PROBLEM DESCRIPTION ▸ Ignoring every picture, transcribe the data in full as it stands.

PROVIDED DATA ▸
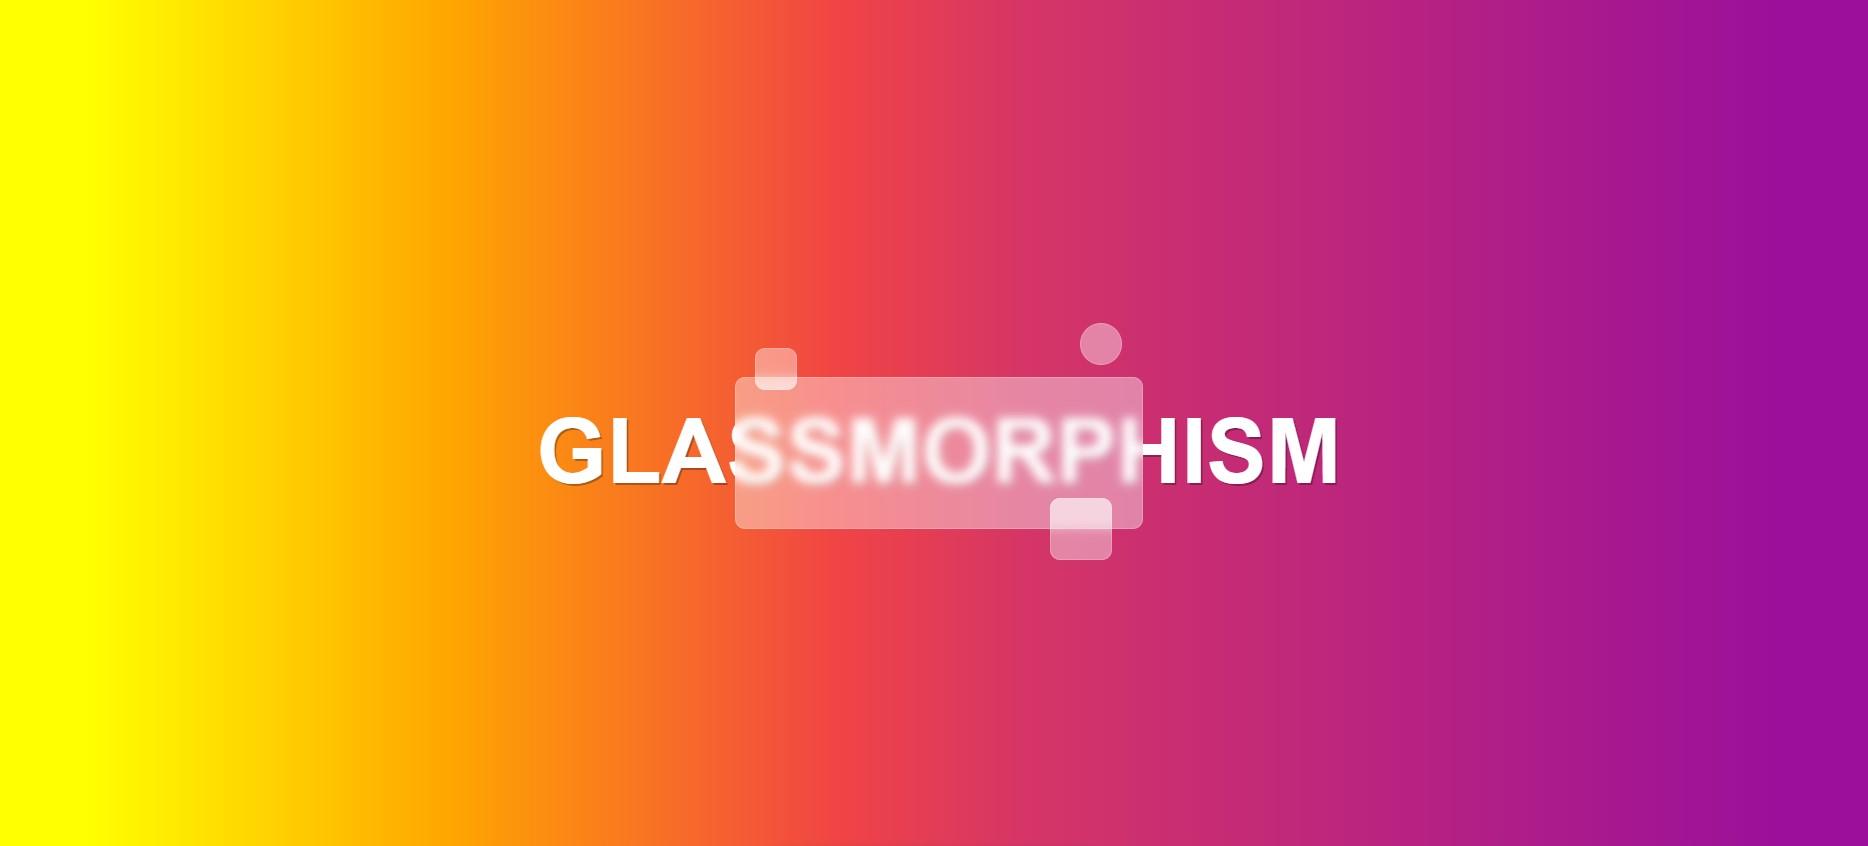 10 Beautiful Glassmorphism Examples - 1stWebDesigner
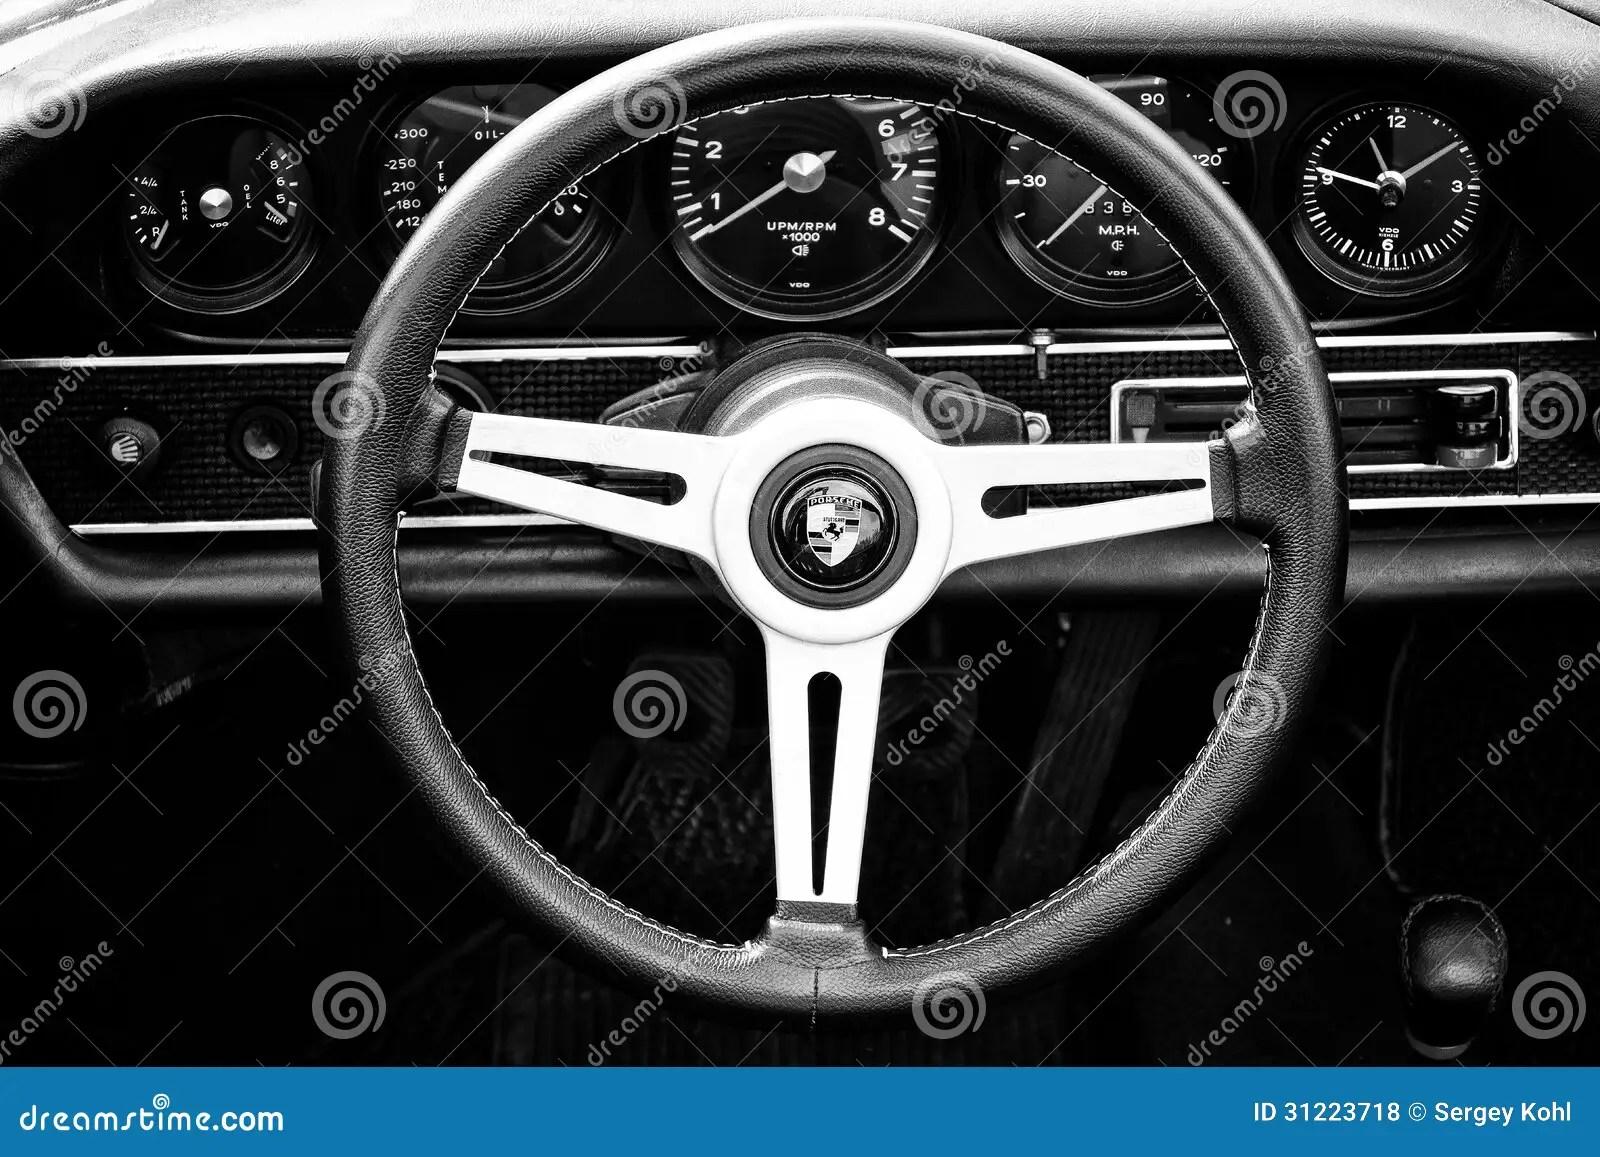 3d Animation Wallpaper Download Cab Porsche 911 Targa Black And White Editorial Stock
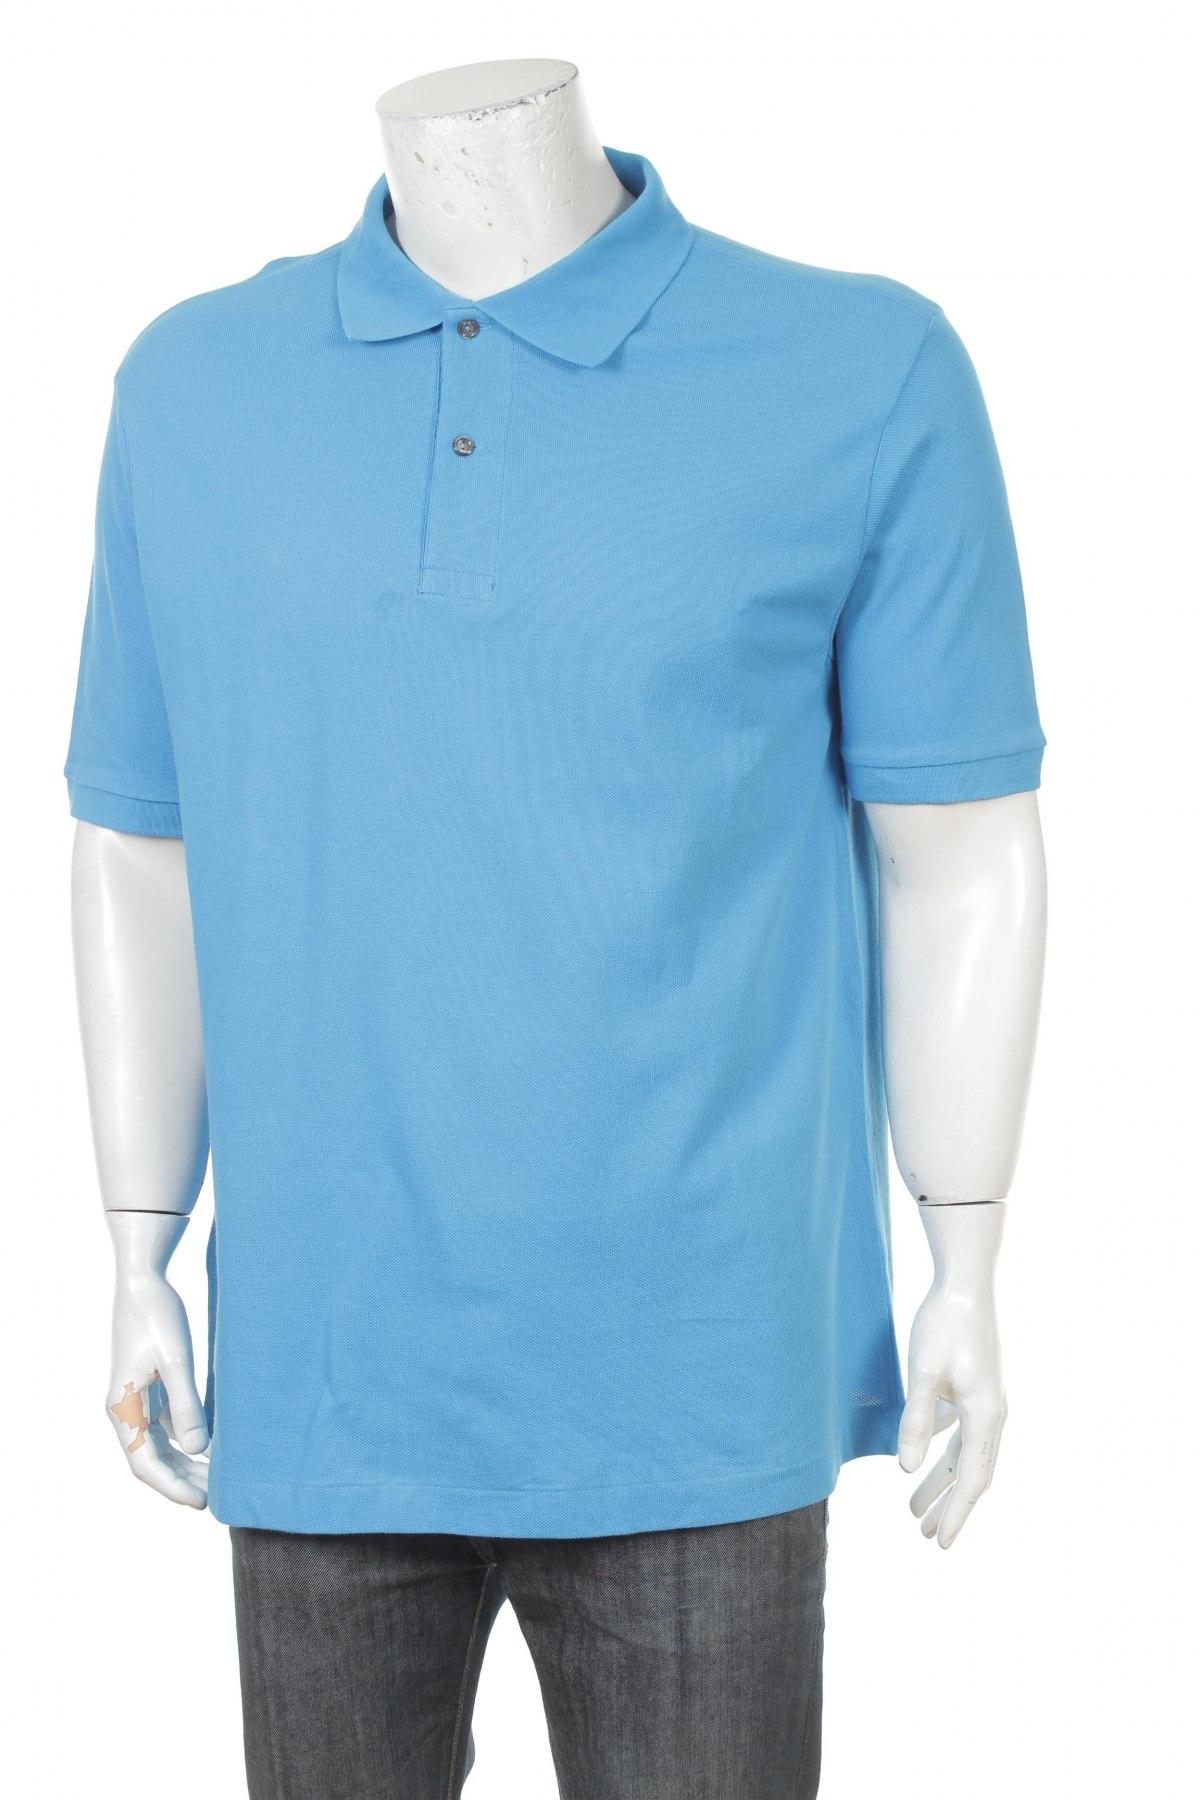 7bb7130d6d79 Ανδρικό t-shirt Lacoste - σε συμφέρουσα τιμή στο Remix -  100201678

ANSWER TO THIS TASK ▸
 10 Beautiful Glassmorphism Examples - 1stWebDesigner
 3d Animation Wallpaper Download Cab Porsche 911 Targa Black And White Editorial Stock
 7bb7130d6d79 Ανδρικό t-shirt Lacoste - σε συμφέρουσα τιμή στο Remix -  100201678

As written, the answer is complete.